James sat her down with a large mug of tea, and did his best to explain. The network had never been the object of close police scrutiny, because nobody had made any complaints and there was no indication of criminal activity. It was, however, flagged up against the name of Duntisbourne Abbots as something to be aware of. The double killing of the Jennison brothers had brought it to the forefront of police attention, but still with no obvious law-breaking activity. The Staceys provided wobbly but acceptable alibis, and the handful of youngsters in the hut were all able to produce identification and reasons for being where they were.
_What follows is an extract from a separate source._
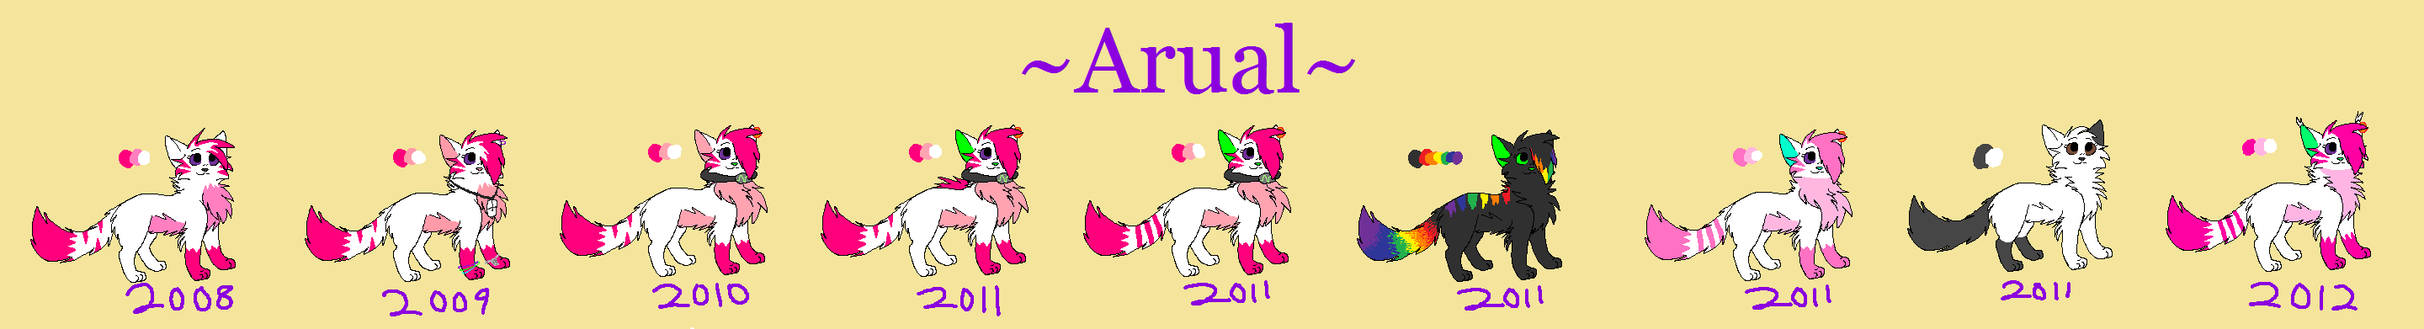 The evolution of Arual~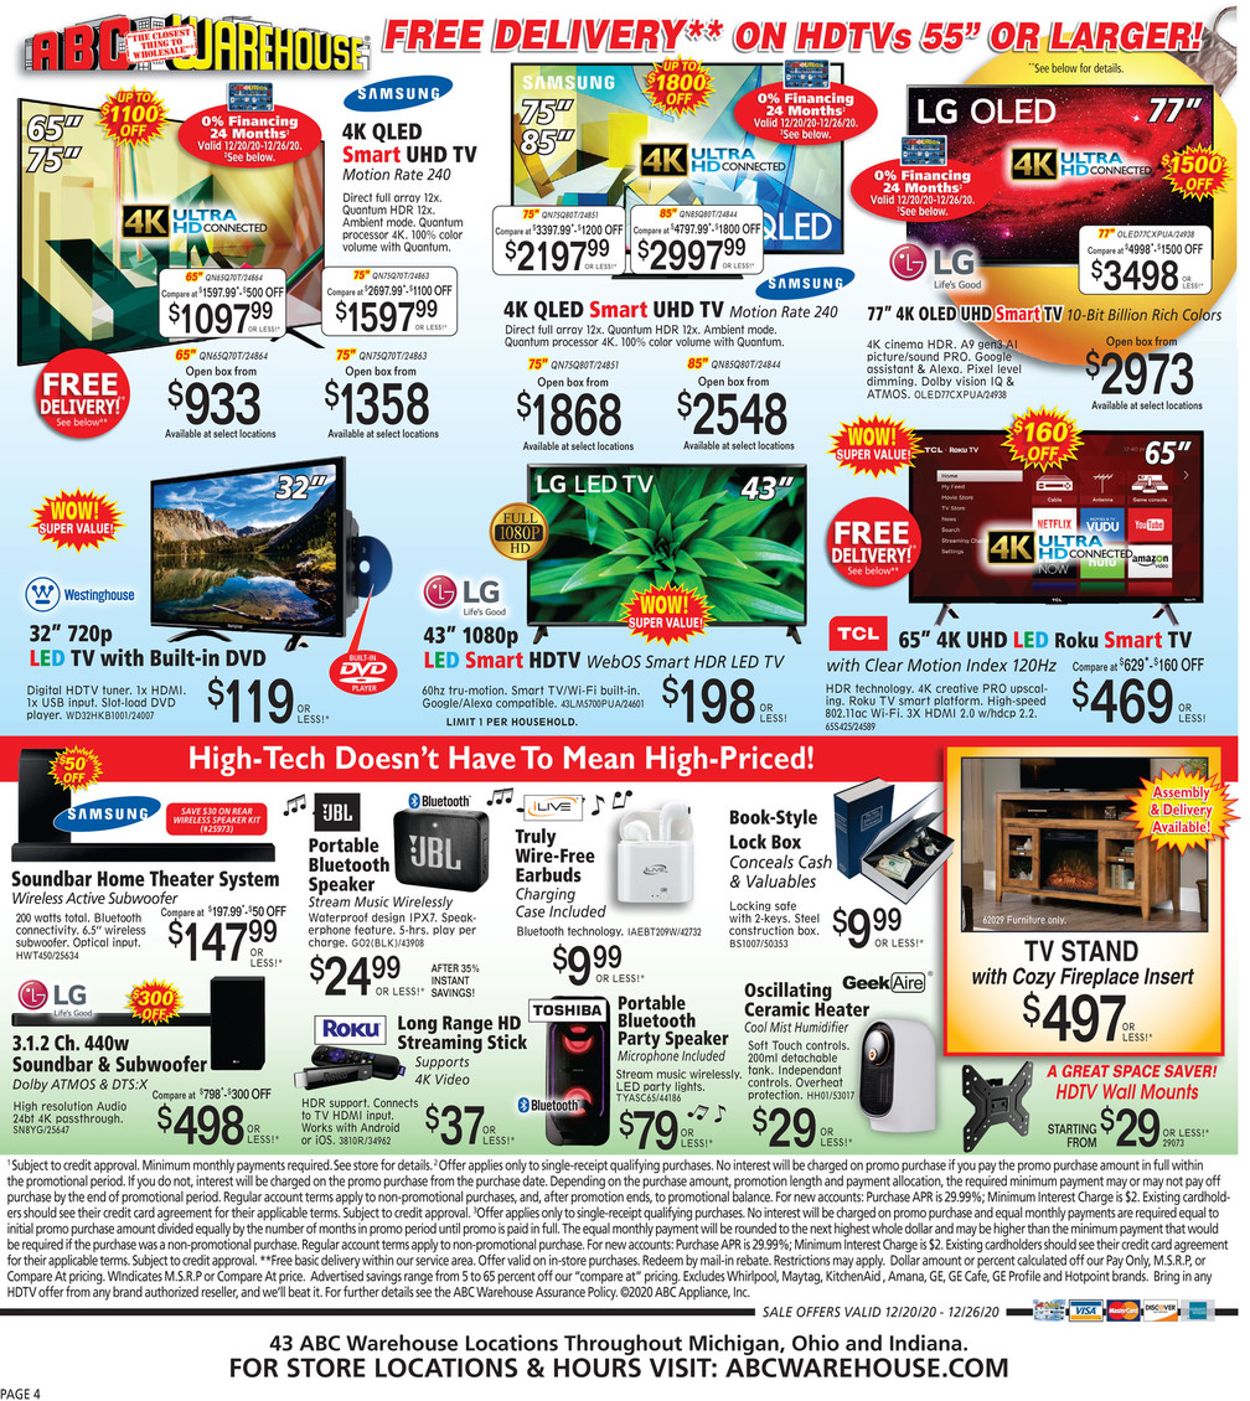 ABC Warehouse Last Minute Sale 2020 Weekly Ad Circular - valid 12/20-12/26/2020 (Page 4)

This immunity from serious police attention was, it was beginning to appear, largely due to the protective offices of most of the population, who had been convinced from the first that Fairweather was providing a highly desirable service.
‘But how?’ Thea demanded. ‘I’d have thought they would have hated it. Drug addicts roaming around their precious homesteads. Surely they’d be horrified?’
‘Ah, but that isn’t the way they see it. Not at all.’ Here James looked to Harry for confirmation. ‘As far as the village is concerned, the Staceys were keeping their own kids safe. Once Martin had found and rescued Felicity Winstanley, and got her off the crack, he could do no wrong. He gave priority to local people, you see. Daisy Isbister was headed off before she could get seriously hooked, and her friend Monique – you remember Monique, I suppose? – was a dramatic success story. Virginia’s boy, Kenny, was brought back from a ghastly squat in Birmingham. And so it goes on.’